Shein, raksasa fast-fashion yang pernah memiliki valuasi pribadi senilai $10 miliar, akhirnya akan go public. Hanya saja, bukan di tempat yang awalnya diharapkan siapa pun.
Setelah bertahun-tahun berusaha mencatatkan diri di New York dan kemudian London, perusahaan telah meninggalkan kedua venue Barat tersebut sepenuhnya dan kini mengejar IPO secara eksklusif di Bursa Saham Hong Kong. Perdagangan dijadwalkan dimulai pada 1 September 2026, dengan ticker 0625.HK, dengan valuasi target sekitar $27 miliar. Bagi yang mengikuti, itu adalah penurunan 73% dari nilai perusahaan pada tahun 2022.
Angka-angka di balik debut Shein di Hong Kong
Shein menawarkan sekitar 280 juta saham dengan harga antara HK$47,60 dan HK$49,50, yang akan menghasilkan dana sekitar $1,77 miliar hingga $1,8 miliar. Goldman Sachs, Morgan Stanley, dan JPMorgan mendukung transaksi ini.

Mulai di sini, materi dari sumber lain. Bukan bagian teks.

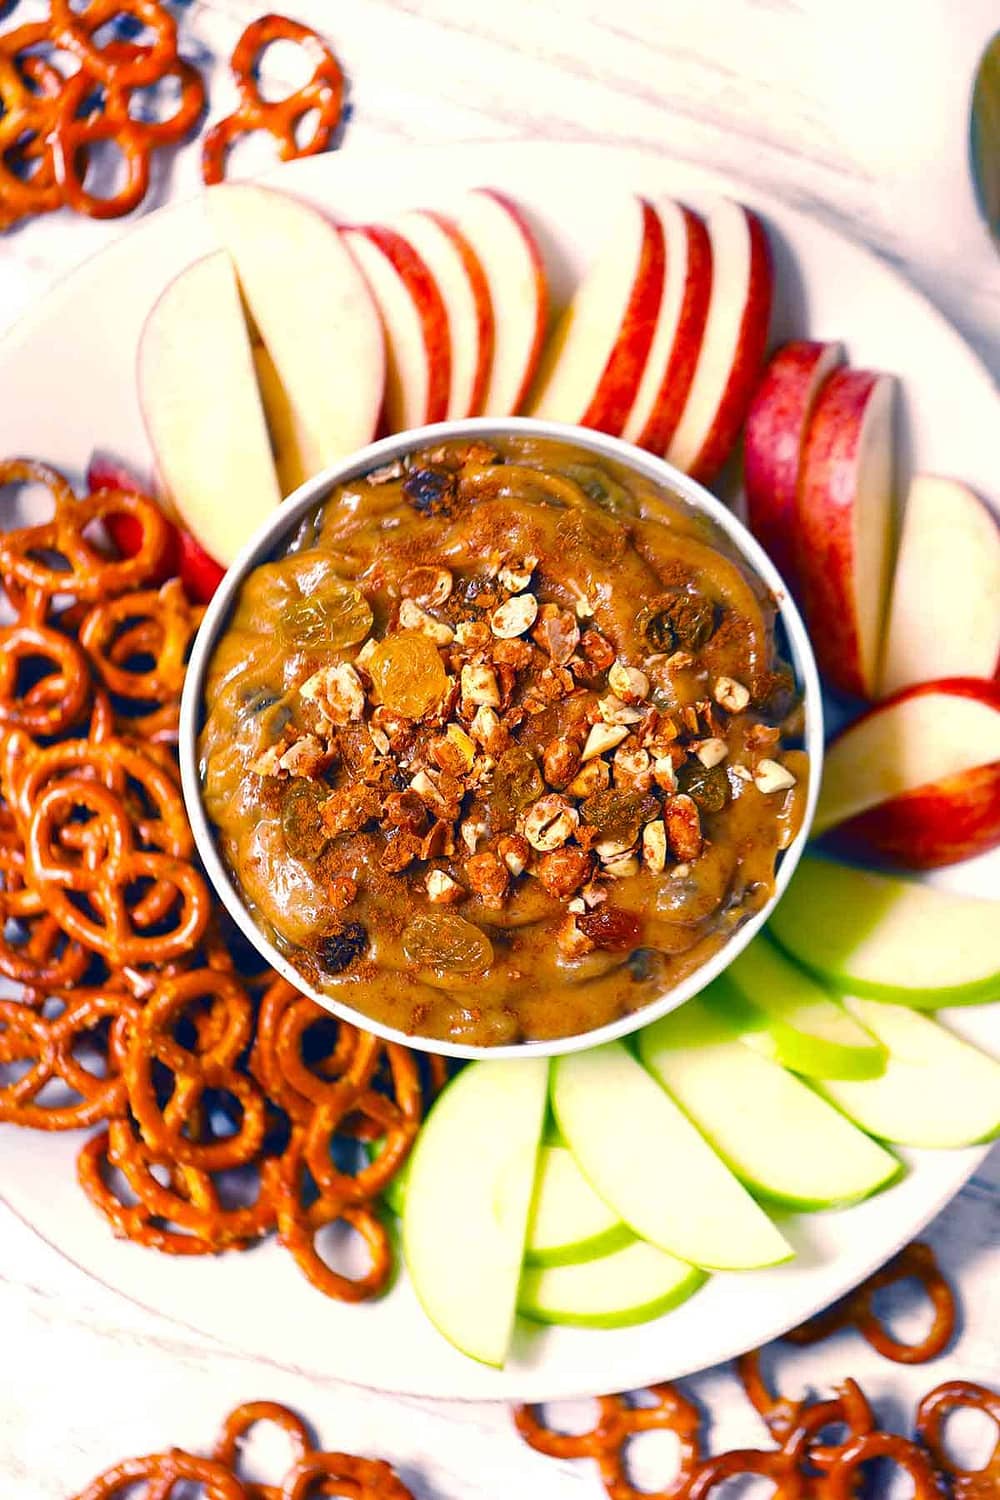 Overhead photo of peanut butter dip with raisins on a plate with apple slices and pretzels around it.
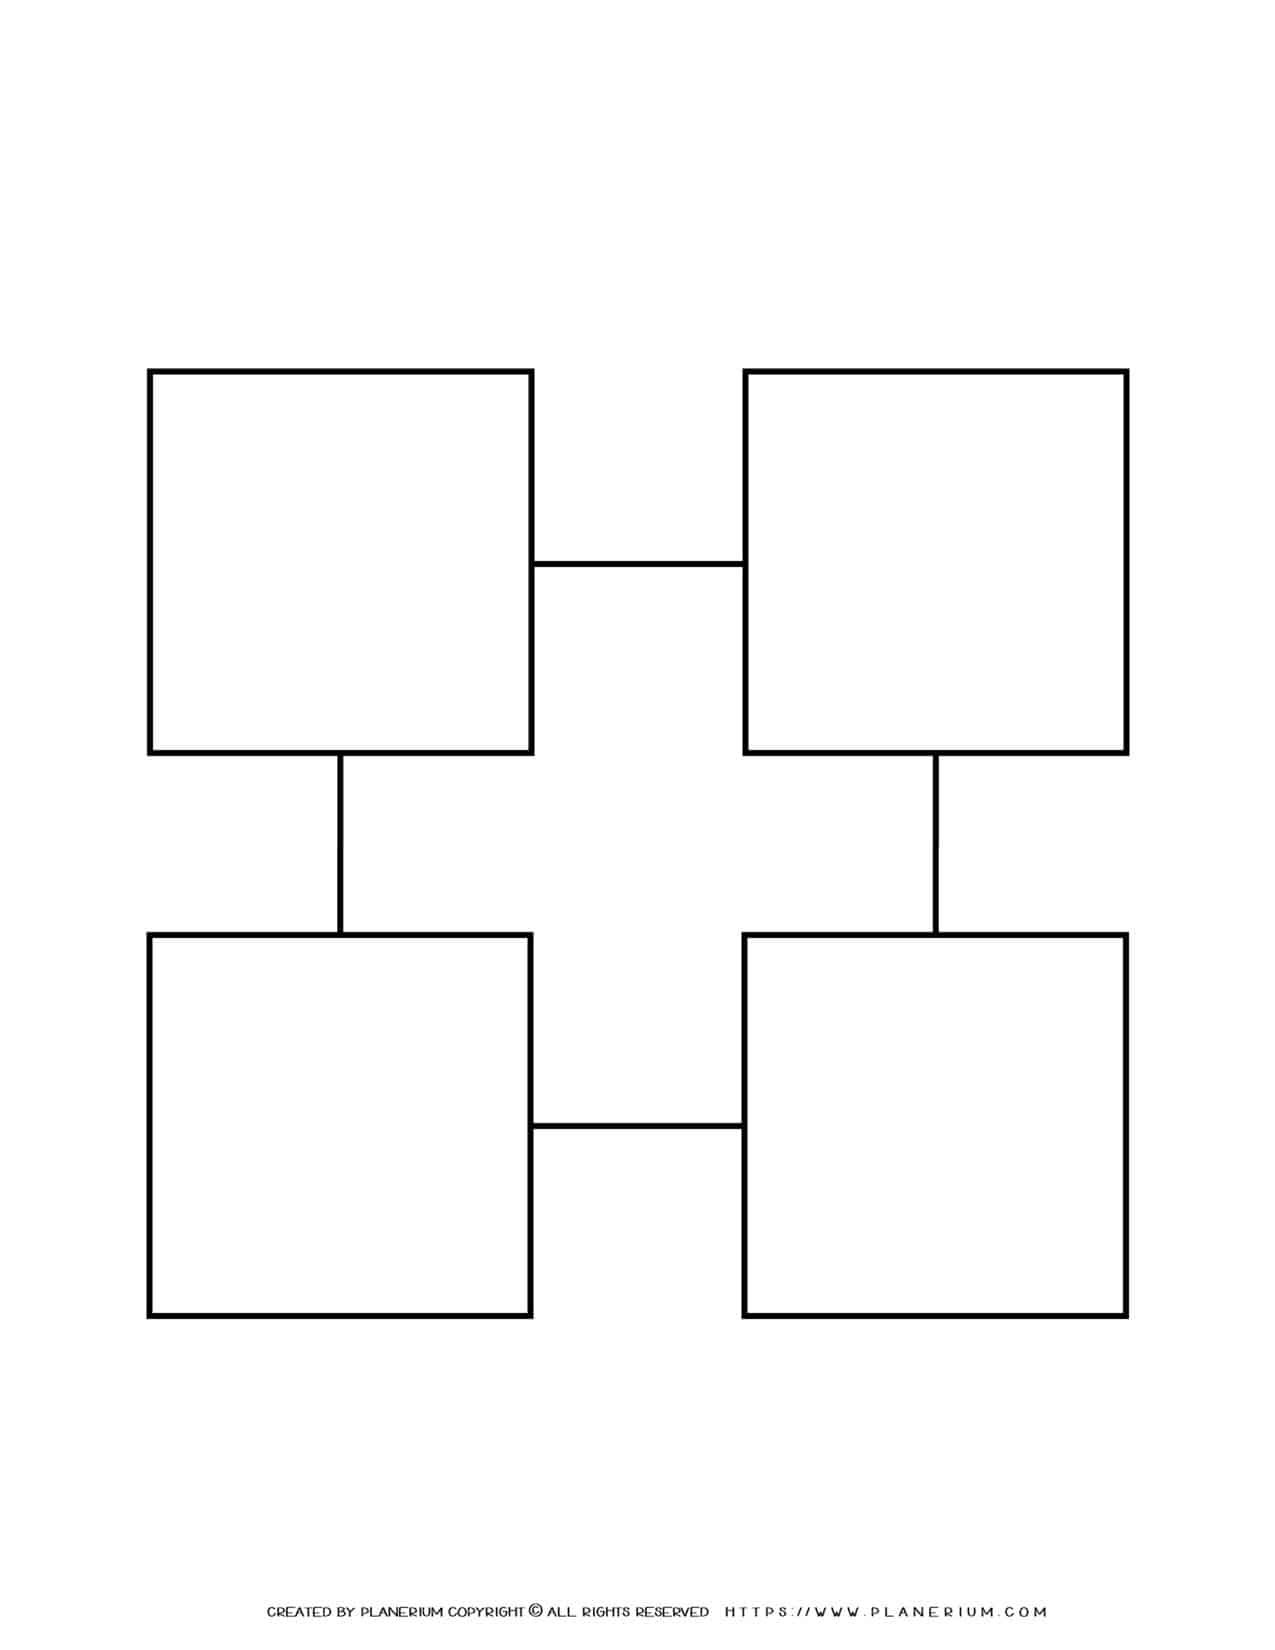 Sequence Chart Template - Four Squares on a Square | Planerium

Komitmen fondasi datang dari pemegang saham yang ada, termasuk Boyu Capital dan Tiger Global.
Komisi Pengawas Sekuritas Tiongkok memberikan persetujuan untuk pencatatan pada 10 Juli 2026, menyusul pengajuan rahasia yang dilakukan Shein pada pertengahan 2025.
Mengapa bukan New York atau London
Perjalanan IPO Shein terasa seperti GPS yang terus-menerus menghitung ulang rute. Perusahaan awalnya menargetkan New York, tetapi upaya itu menghadapi dinding oposisi politik. Para anggota Kongres AS dari kedua partai mengungkapkan kekhawatiran tentang praktik rantai pasok Shein, terutama tuduhan yang terkait dengan Xinjiang, di mana tenaga kerja paksa dalam produksi kapas telah menjadi titik api utama dalam hubungan AS-Tiongkok.
Bursa Saham London tampaknya menjadi pilihan cadangan yang masuk akal, tetapi rencana itu juga terhenti. Regulator dan politisi Inggris mengajukan pertanyaan serupa mengenai rantai pasokan, dan lingkungan politik yang lebih luas terhadap perusahaan yang terkait Tiongkok di Inggris ternyata kurang ramah daripada yang diharapkan Shein.
Sebuah perusahaan di bawah tekanan keuangan
Pada Q1 2026, Shein mencatat kerugian bersih sebesar $99 juta. Itu merupakan pembalikan drastis dibandingkan kuartal yang sama tahun sebelumnya, ketika perusahaan melaporkan laba sebesar $395 juta.
Dua faktor utama mendorong penurunan tersebut: perubahan tarif impor AS dan perlambatan pertumbuhan penjualan. Shein membangun sebagian besar model bisnisnya di AS berdasarkan pengecualian de minimis, aturan perdagangan yang memungkinkan paket bernilai di bawah $800 masuk ke negara tersebut tanpa dikenai bea. Perubahan terhadap ambang batas tersebut secara langsung memengaruhi struktur biaya dan keunggulan harga Shein di pasar Barat terbesarnya.
Apa arti pencatatan di Hong Kong ke depannya
Shein telah menandakan rencana untuk menginvestasikan dana hasil IPO ke pusat manufaktur Guangdong-nya. Itu adalah langkah sengaja untuk mengatasi kritik terhadap rantai pasokan yang menggagalkan ambisi pencatatan sahamnya di Barat.